While we all sit back and watch the train wreck that is Greece prepare to default (or whatever posh name they will come up with in due course) the UK goes on happily borrowing money at the rate of £17.4 billion for the month. That’s £17,400,000,000 in a month. What’s concerning me is that servicing our debt now takes 8.5% of government spending. That’s more than the complete tax take from corporation tax (page 6 here). All I can say is that the future generations will not be pleased. I’m just a simple Average Joe but it really just doesn’t seem right asking children who are not yet born to pay for our lifestyle today.
As this all unfolds we’ve seen stock markets around the world decrease in price in recent times. I actually have no idea what moves prices (that’s why I don’t trade) but I can’t help feel that Greece is having a good impact but also we shouldn’t forget good news like this from China.

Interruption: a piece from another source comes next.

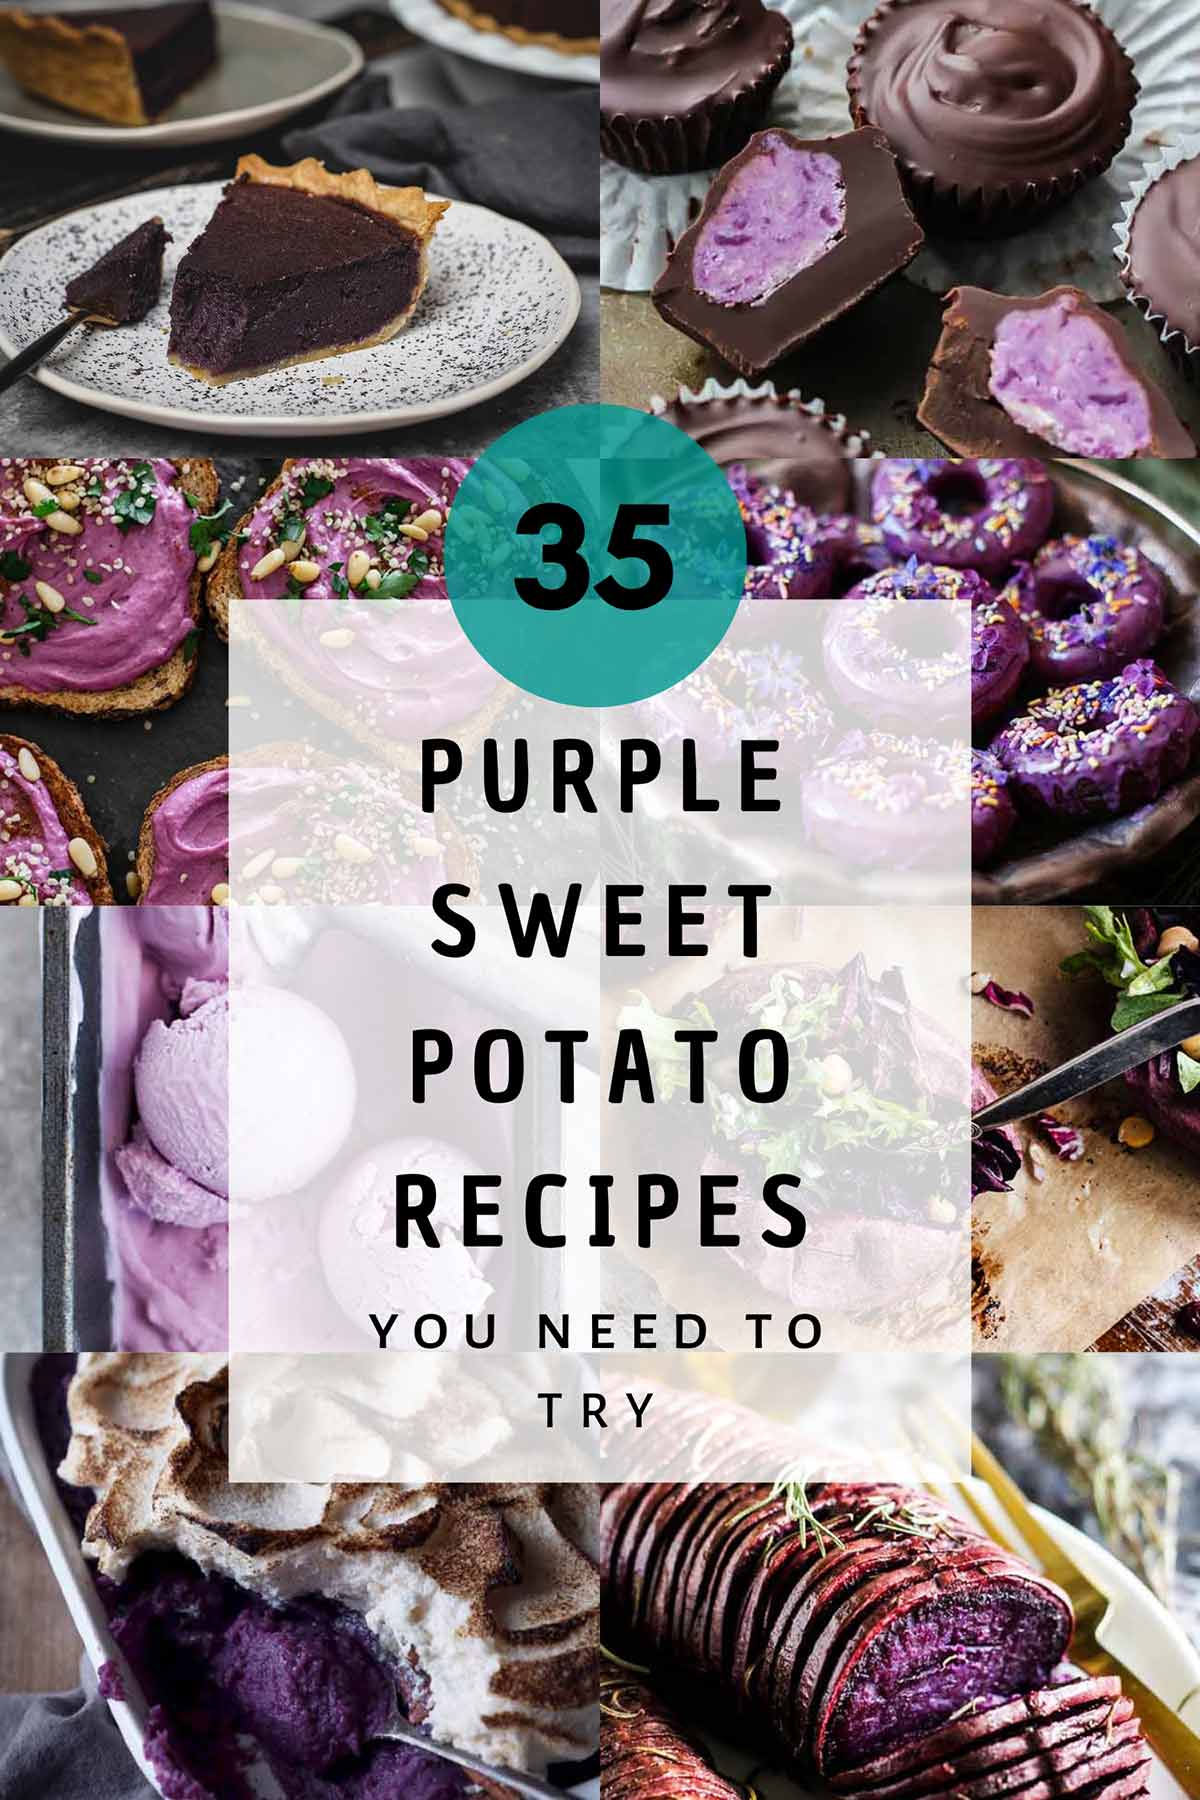 Purple sweet potato recipes featured image

What I do know is that my Retirement Investing Today strategy has helped me out over this period. This is because in addition to a standard buy diversified asset types, hold, rebalance periodically, reduce risk as I age strategic asset allocation I also tactically alter my asset allocation based on the cyclically adjusted PE values (CAPE or PE10) of the S&P500 and the ASX200. To put some meaning behind this were I using just strategic asset allocations the total target equity (UK, Australia, International, Emerging Markets) allocation for my portfolio would be 61%. Currently because of the relatively high PE10’s the tactical portion of my portfolio forces this down to 54%. So with a falling market I am losing less than I would have otherwise. Of course I mustn’t forget the opposite occurs in a rising market.

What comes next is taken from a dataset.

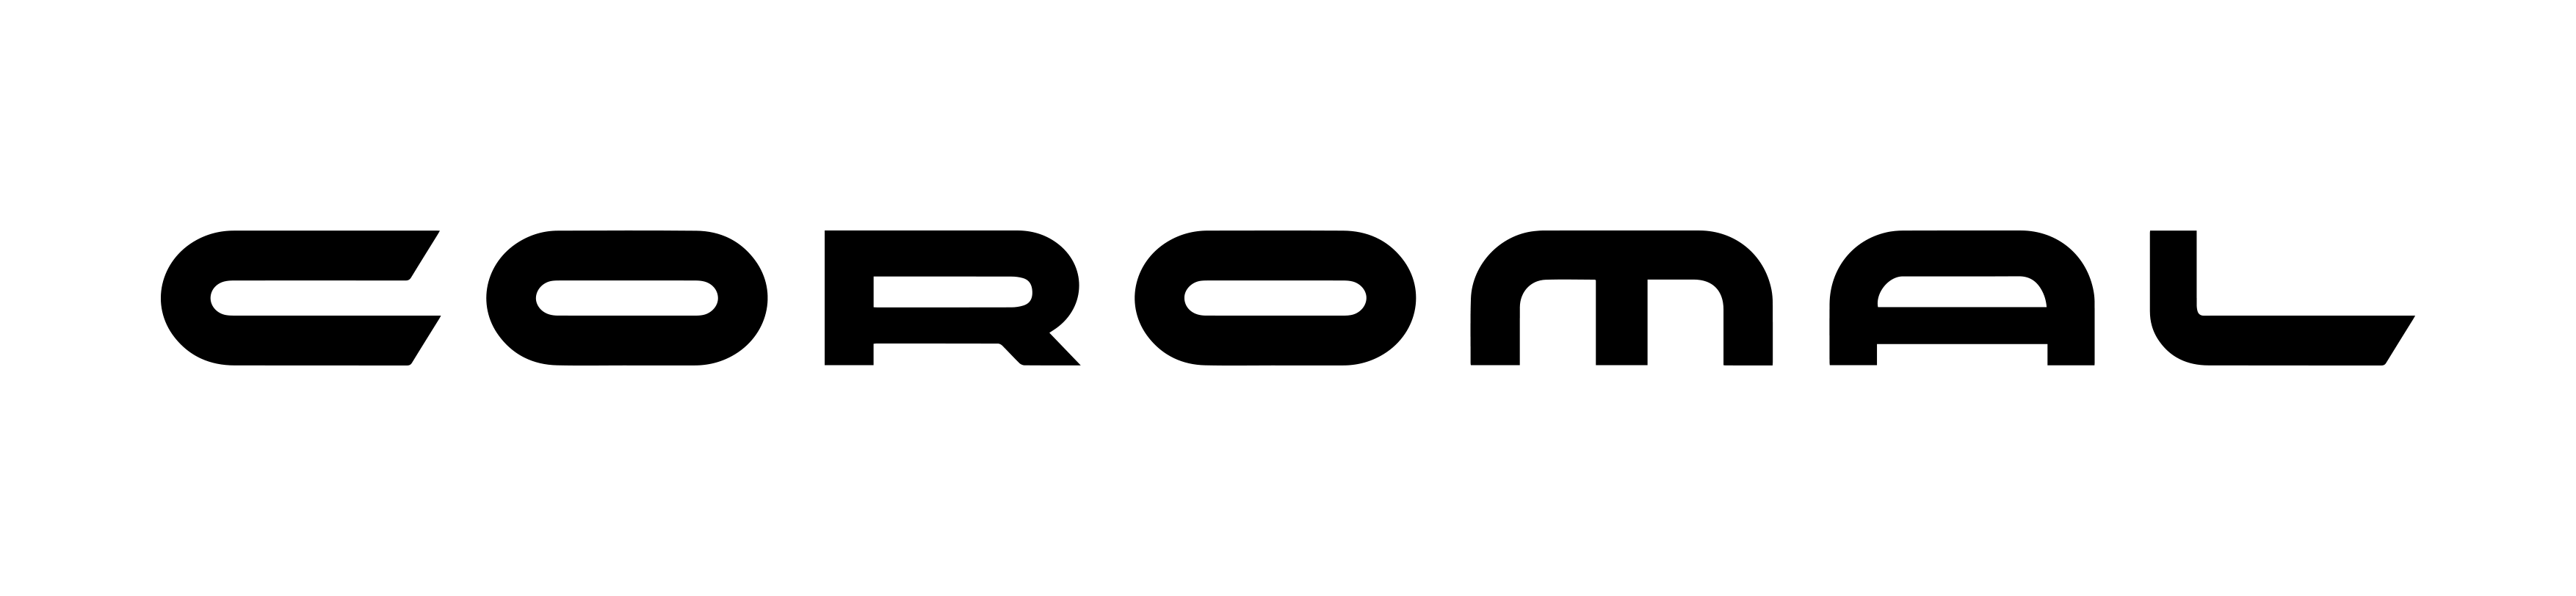 Coromal logo

With all that in mind it’s appropriate to update the FTSE 100 cyclically adjusted PE (FTSE 100 CAPE) which I show in my first chart today. As of the 01 June 2011 (all previous data points are from the first trading day of each month for consistency) we were sitting at 13.6 against a long run average (well since 1993) of 19.7. If I replace the 01 June price with the current price as I write this post of 5747.8 the PE10 lowers to 13.2. That is a long way below the 20th Percentile for the dataset of 16.3 while the 80th Percentile is 23.5. The correlation between the FTSE 100 PE10 and the Real (inflation adjusted by the CPI) FTSE 100 Price remains a strong 0.68. In comparison the PE ratio is sitting at 11.3.
My second chart shows that real earnings are doing nothing special and are running about on trend.

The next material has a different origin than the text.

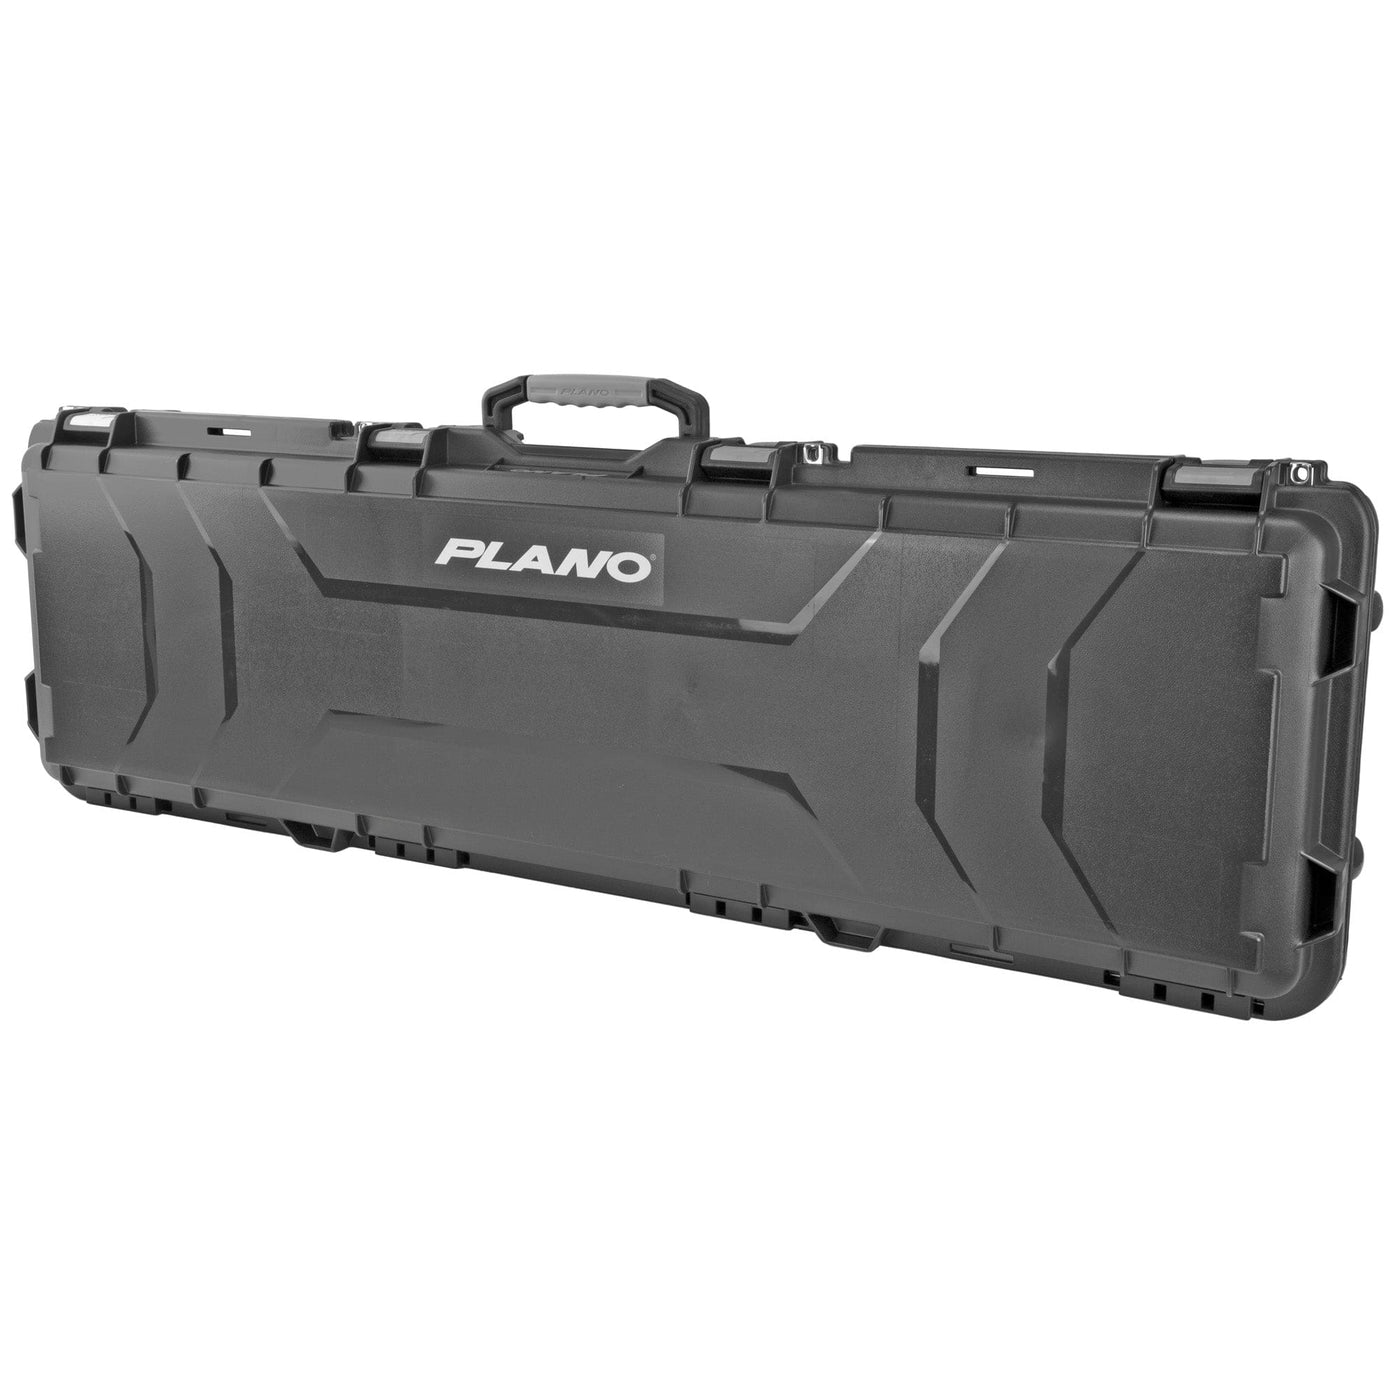 Plano Plano Element Double Long Gun 54 Case Black With Grey Accents Gun Storage

Finally as always I must point out that I am not yet using the FTSE 100 PE10 as a base for determining UK equity asset allocations and buy/sell decisions in my portfolio. This is because I believe that a dataset only going back to 1993 is not sufficient however over time as this dataset becomes more statistically significant I will at some stage switch to it. Today I am using the S&P 500 PE10 where I have data back to 1881 courtesy of Robert Shiller. Not perfect but I’m relying on the close correlation of Equity markets around the world.
As always do your own research.
Assumptions include:- May 2011 price is the 01 May 2011 market close.
- UK CPI inflation data from May and June 2011 are estimated.